## [WHAT TO PRODUCE]
Exact reproduction of the listing is required. Pictures are not reproduced.

## [SUPPLIED INFORMATION]

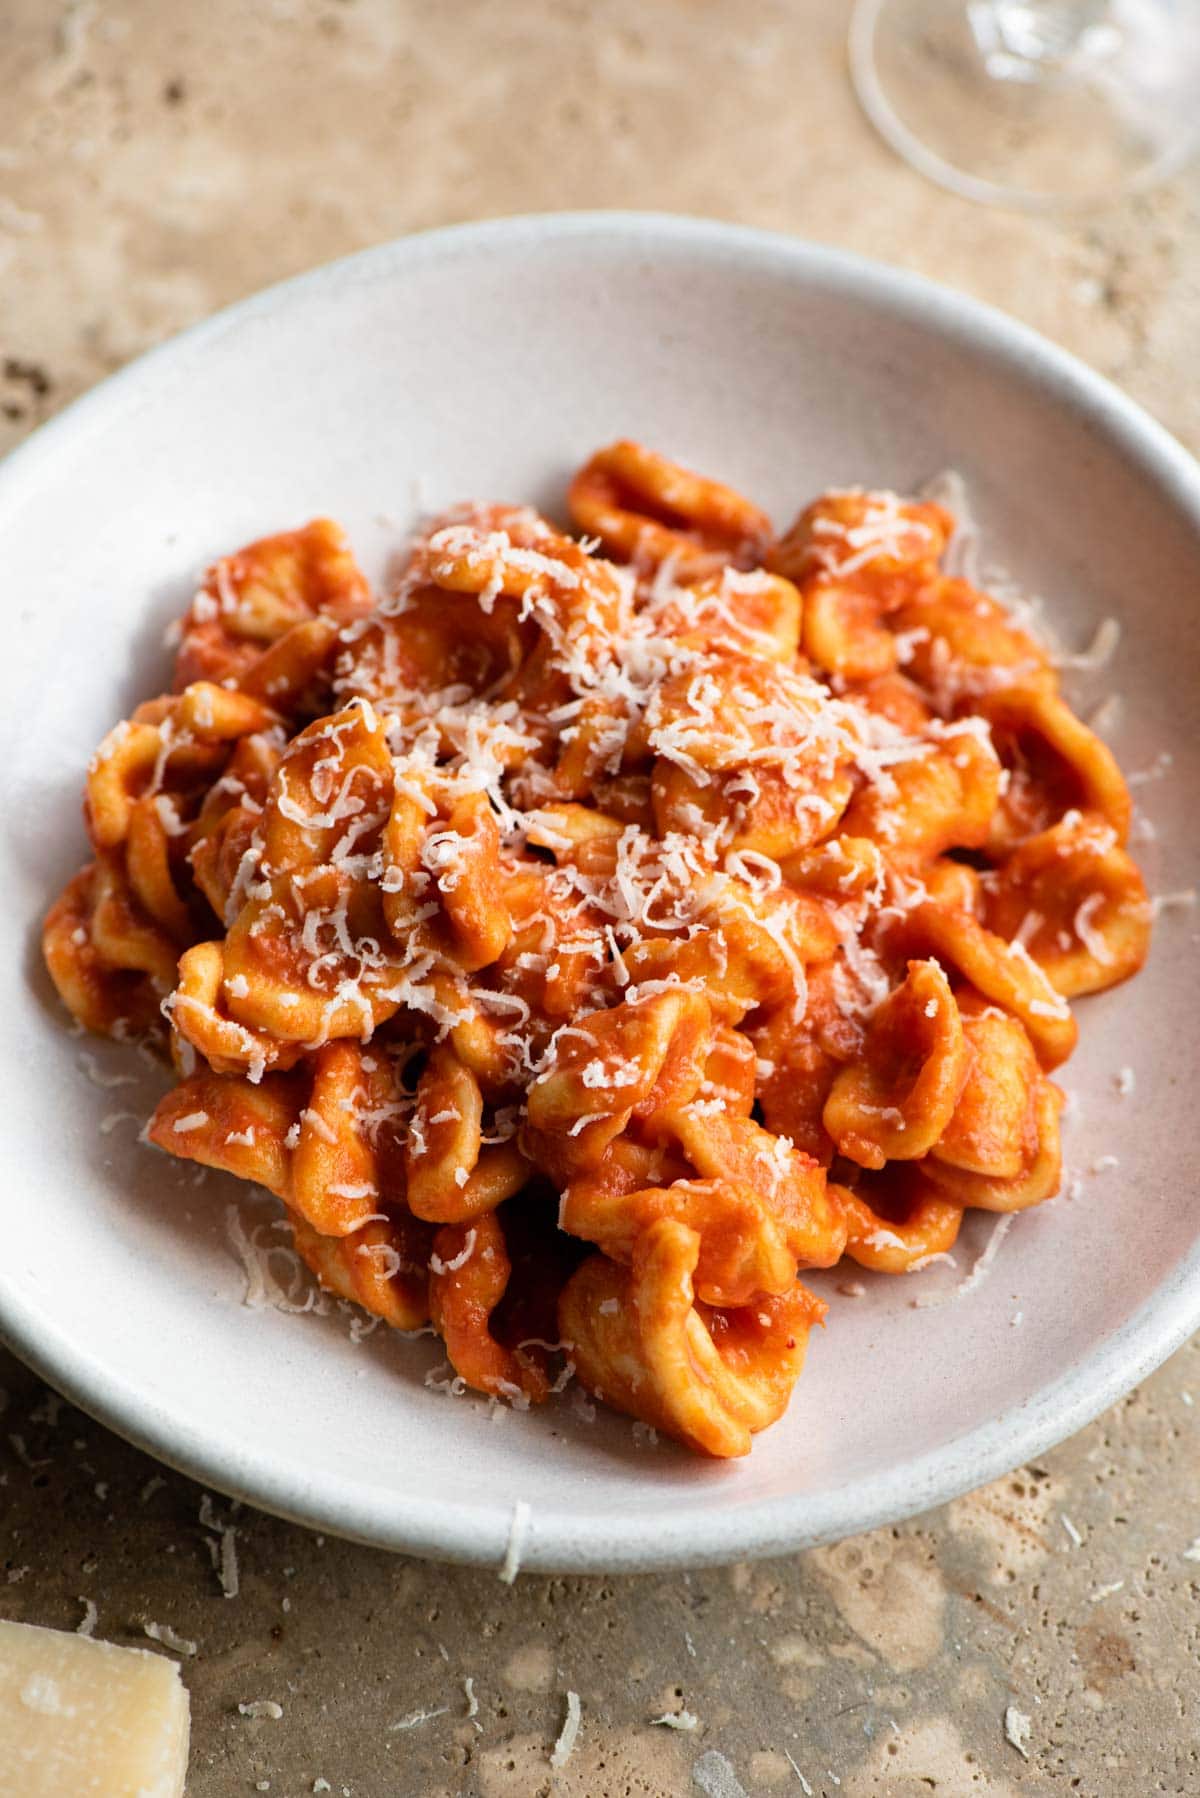 Orecchiette pasta with a creamy tomato sauce in a rustic ceramic bowl topped with cheese
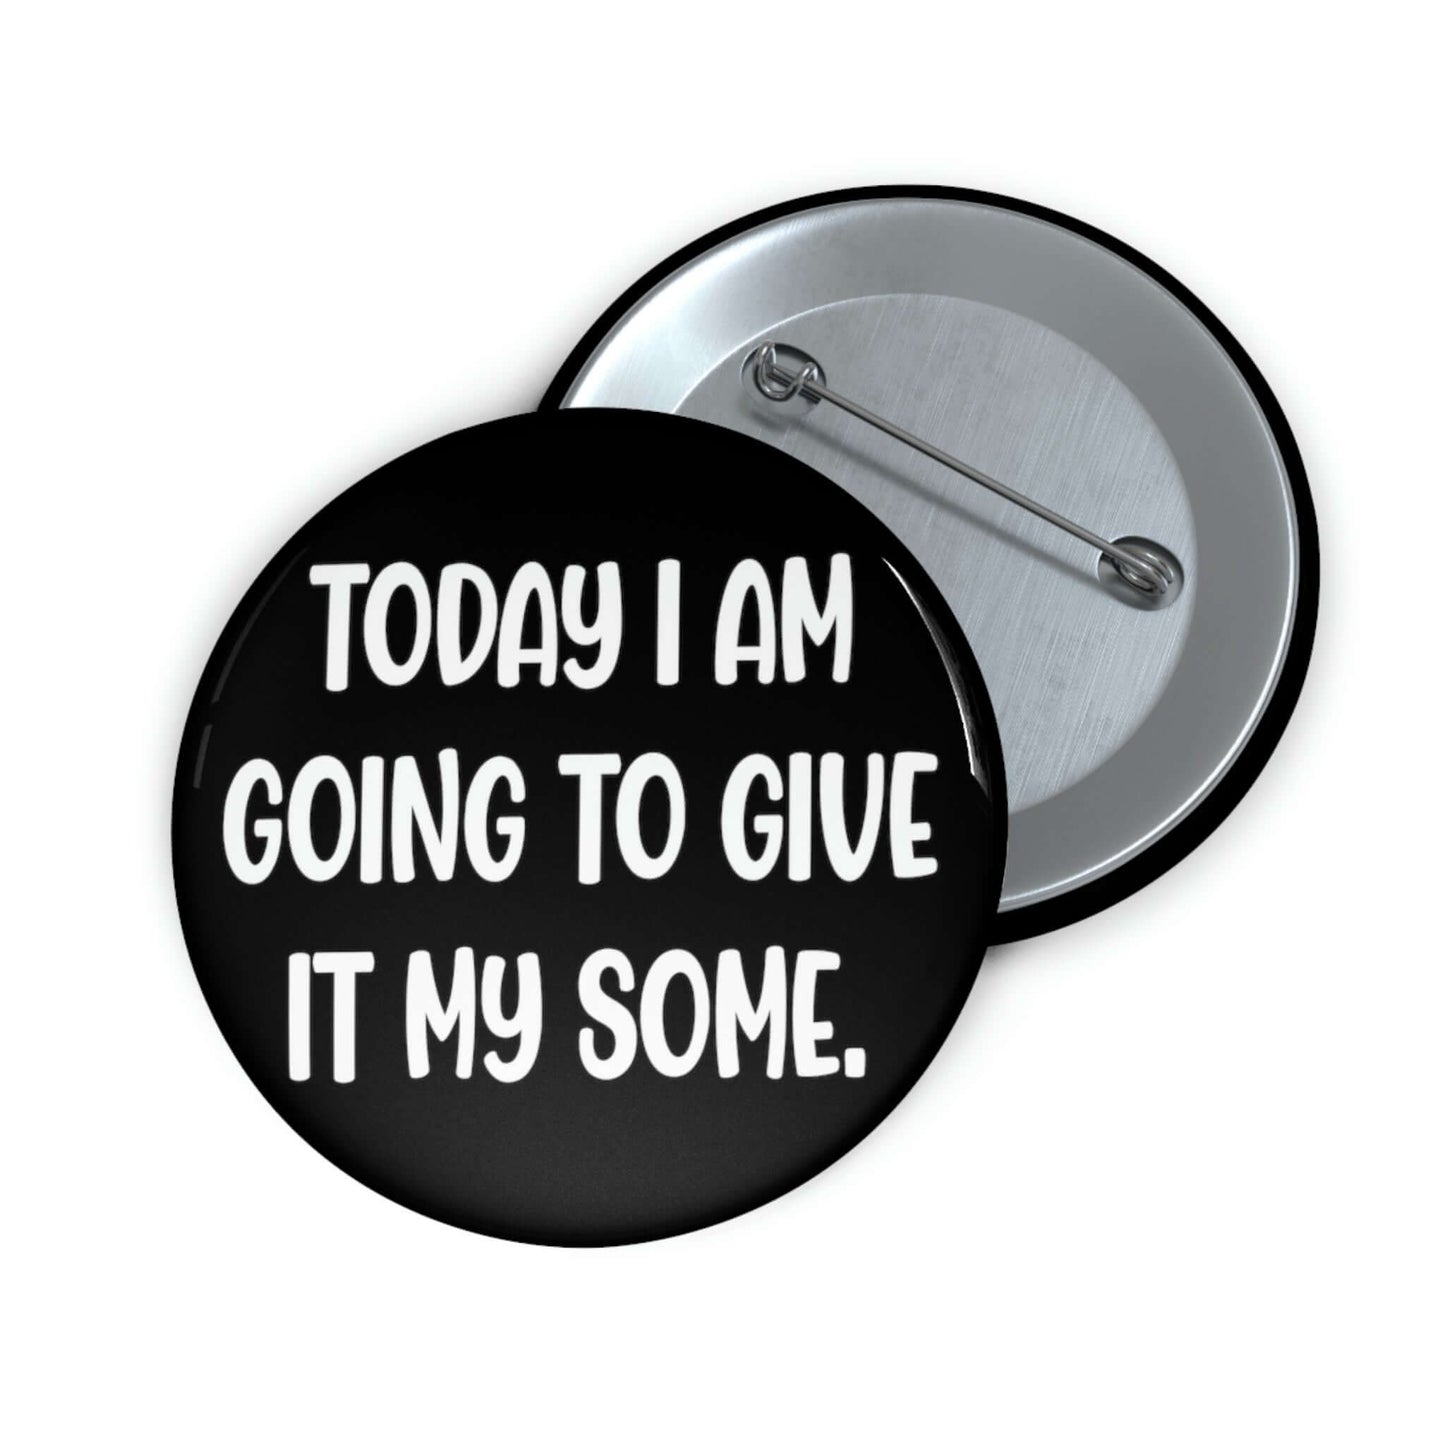 Give it my some pinback button
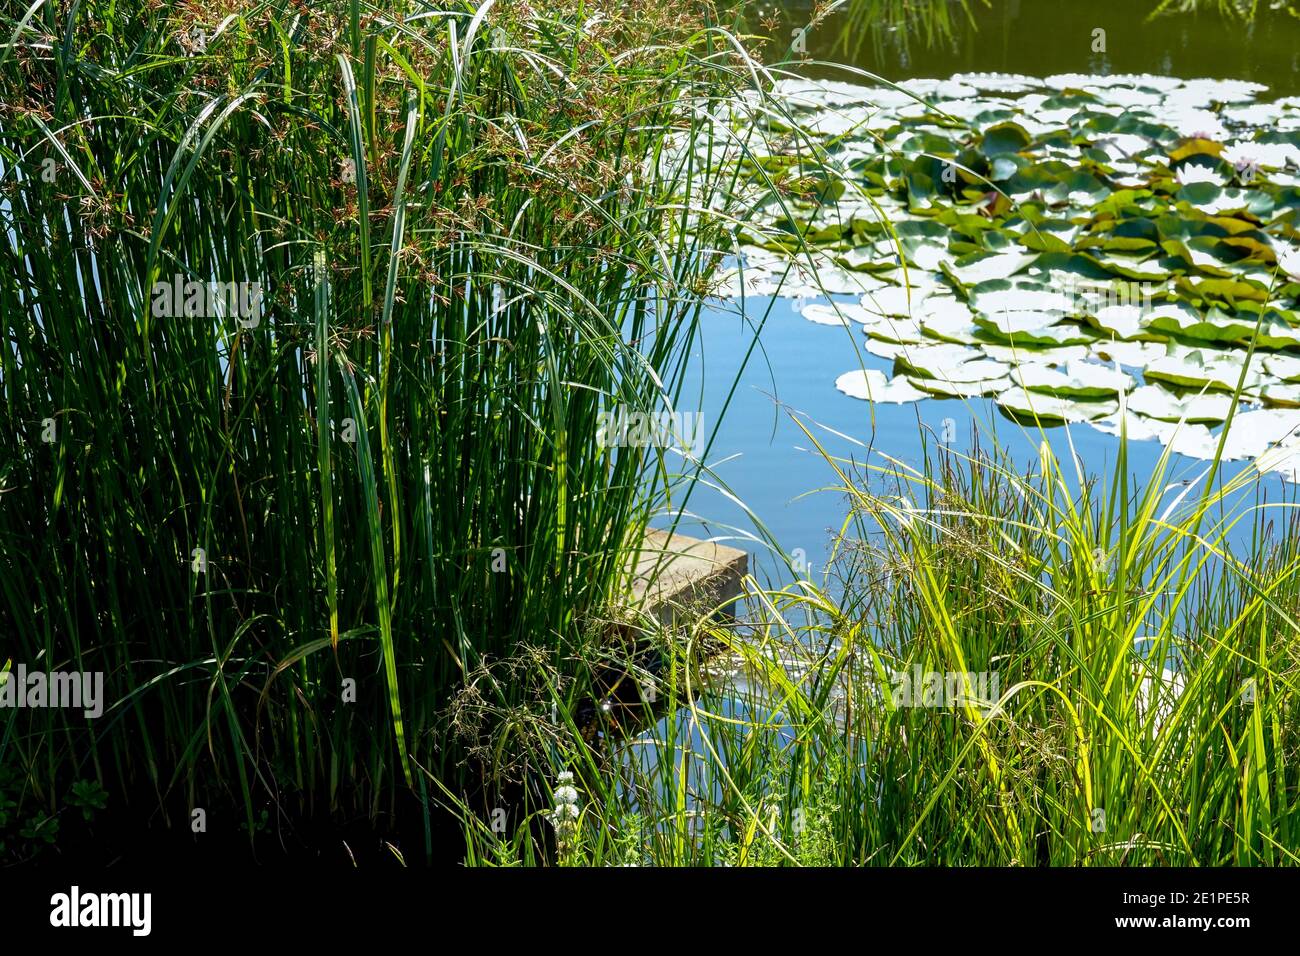 Plants growing in a small garden pond Pretty natural garden pond Stock Photo

## [RESPONSE TO THIS TASK]
 Orecchiette pasta with a creamy tomato sauce in a rustic ceramic bowl topped with cheese
 Give it my some pinback button
 Plants growing in a small garden pond Pretty natural garden pond Stock Photo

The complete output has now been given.